## SUPPLIED INFORMATION
━━━
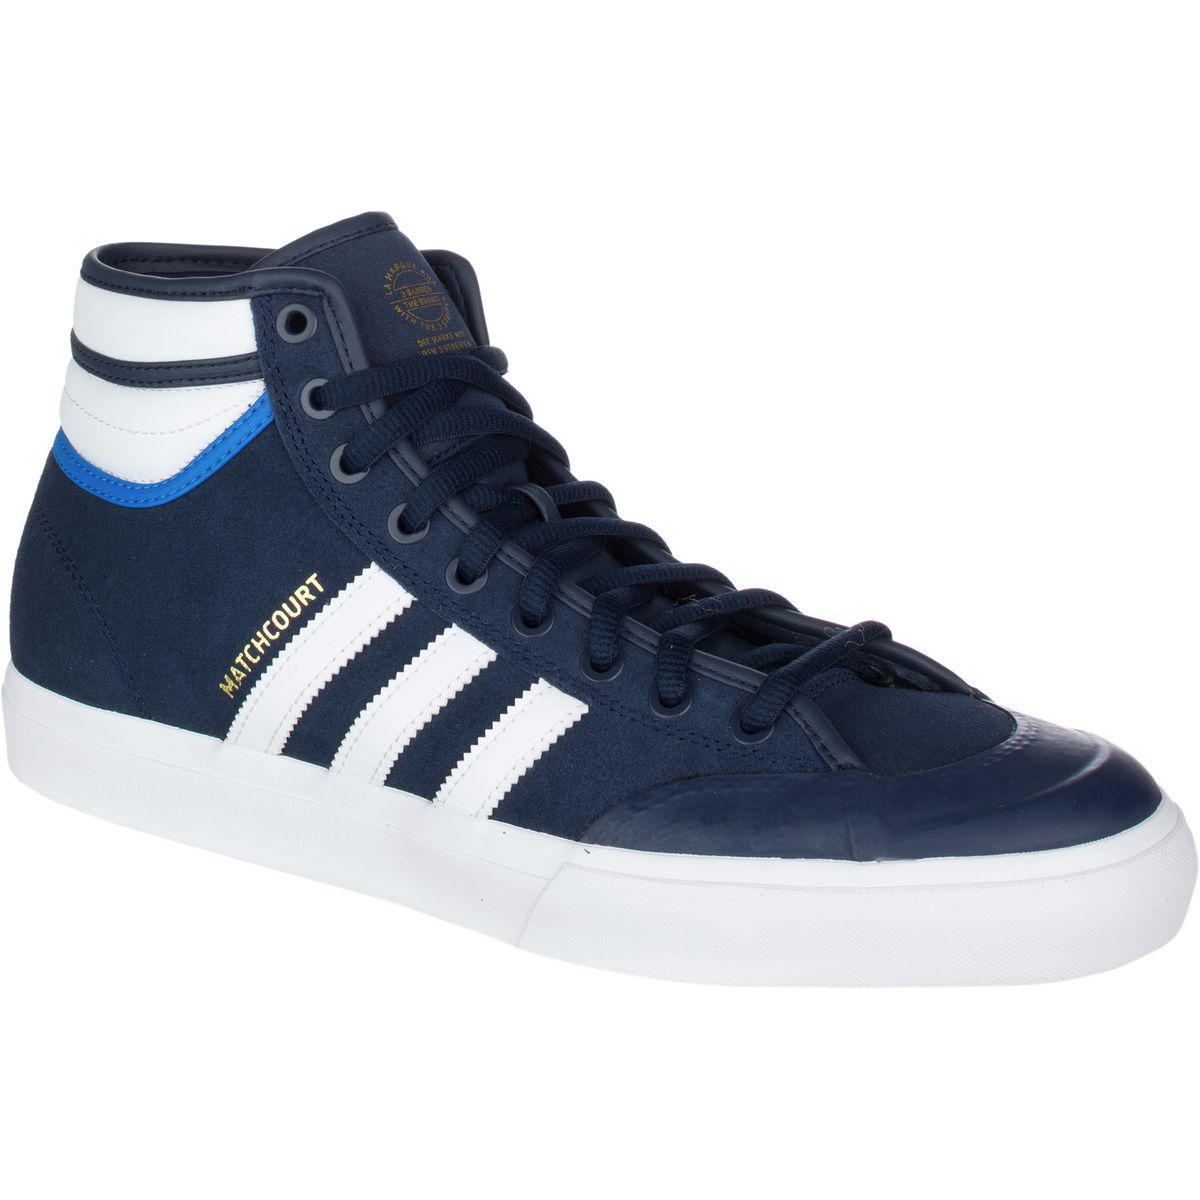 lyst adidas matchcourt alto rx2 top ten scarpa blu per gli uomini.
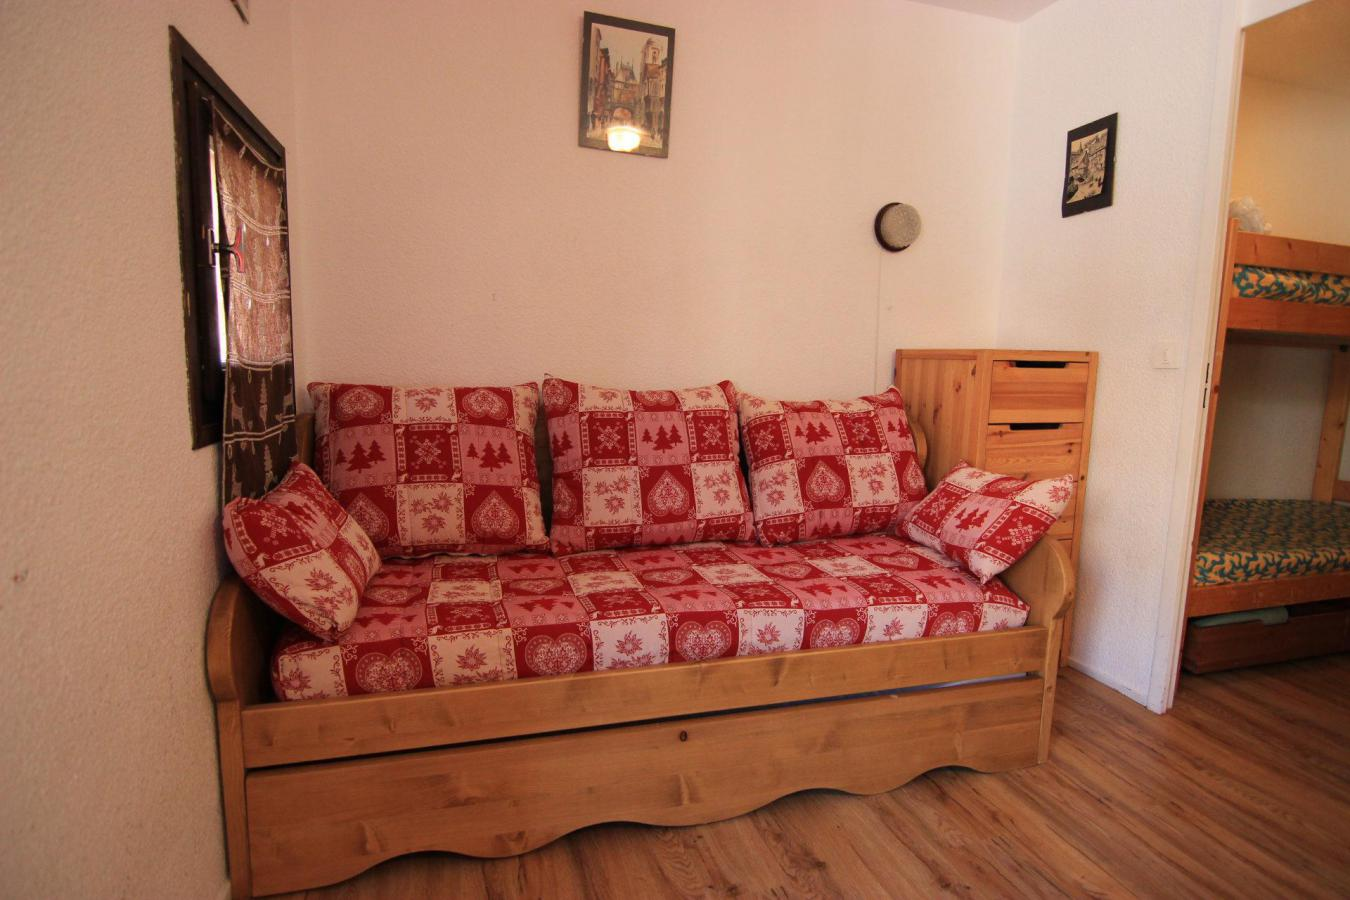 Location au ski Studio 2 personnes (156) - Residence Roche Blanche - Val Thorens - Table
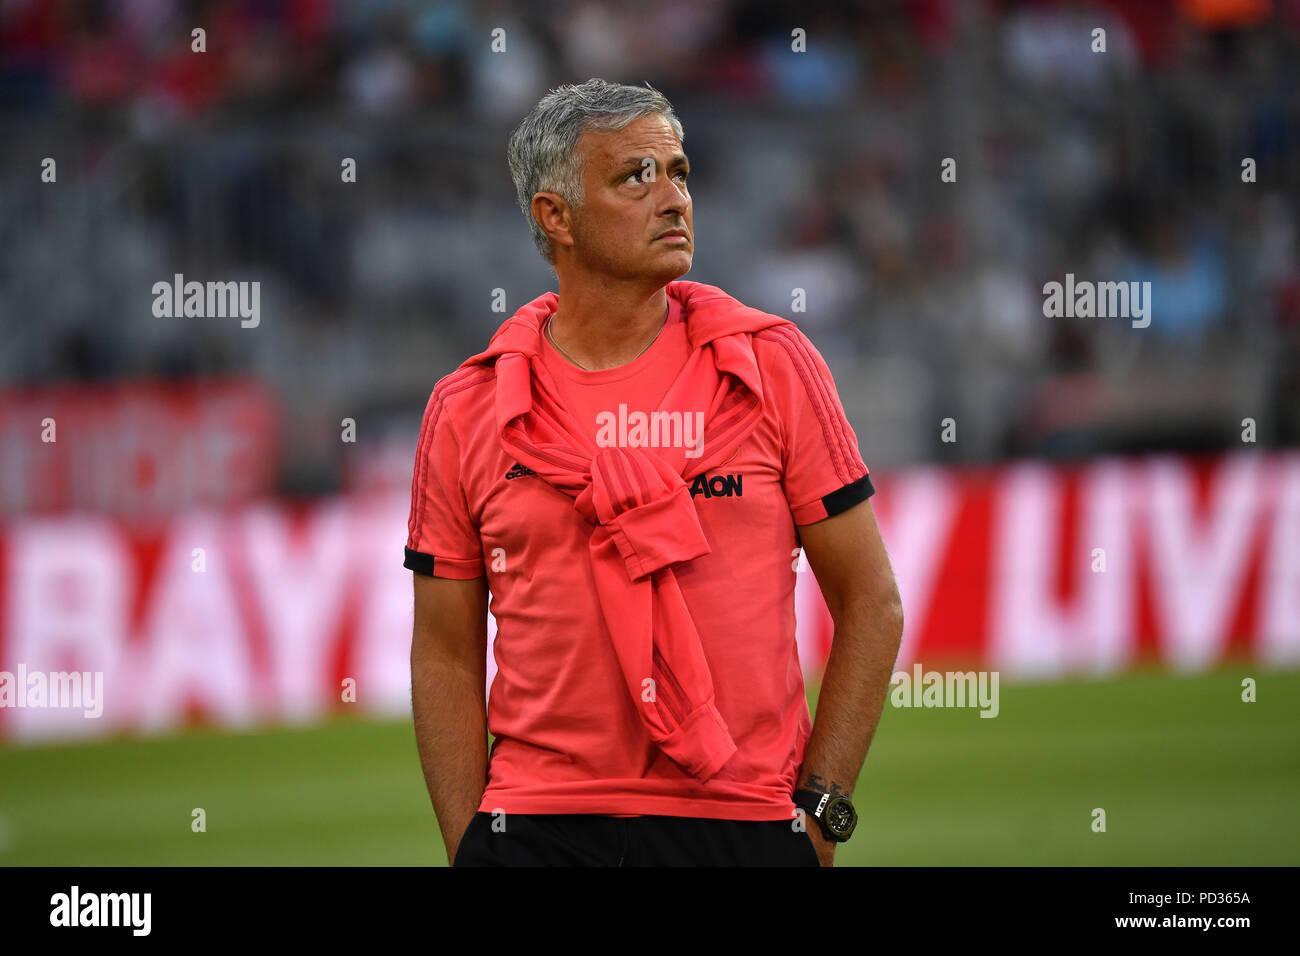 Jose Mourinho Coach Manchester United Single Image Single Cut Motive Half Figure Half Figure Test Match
━━━
## INSTRUCTIONS FOR THE TASK
Print the full listing again exactly, and drop every image from it.

## ANSWER BOX
 lyst adidas matchcourt alto rx2 top ten scarpa blu per gli uomini.
 Location au ski Studio 2 personnes (156) - Residence Roche Blanche - Val Thorens - Table
 Jose Mourinho Coach Manchester United Single Image Single Cut Motive Half Figure Half Figure Test Match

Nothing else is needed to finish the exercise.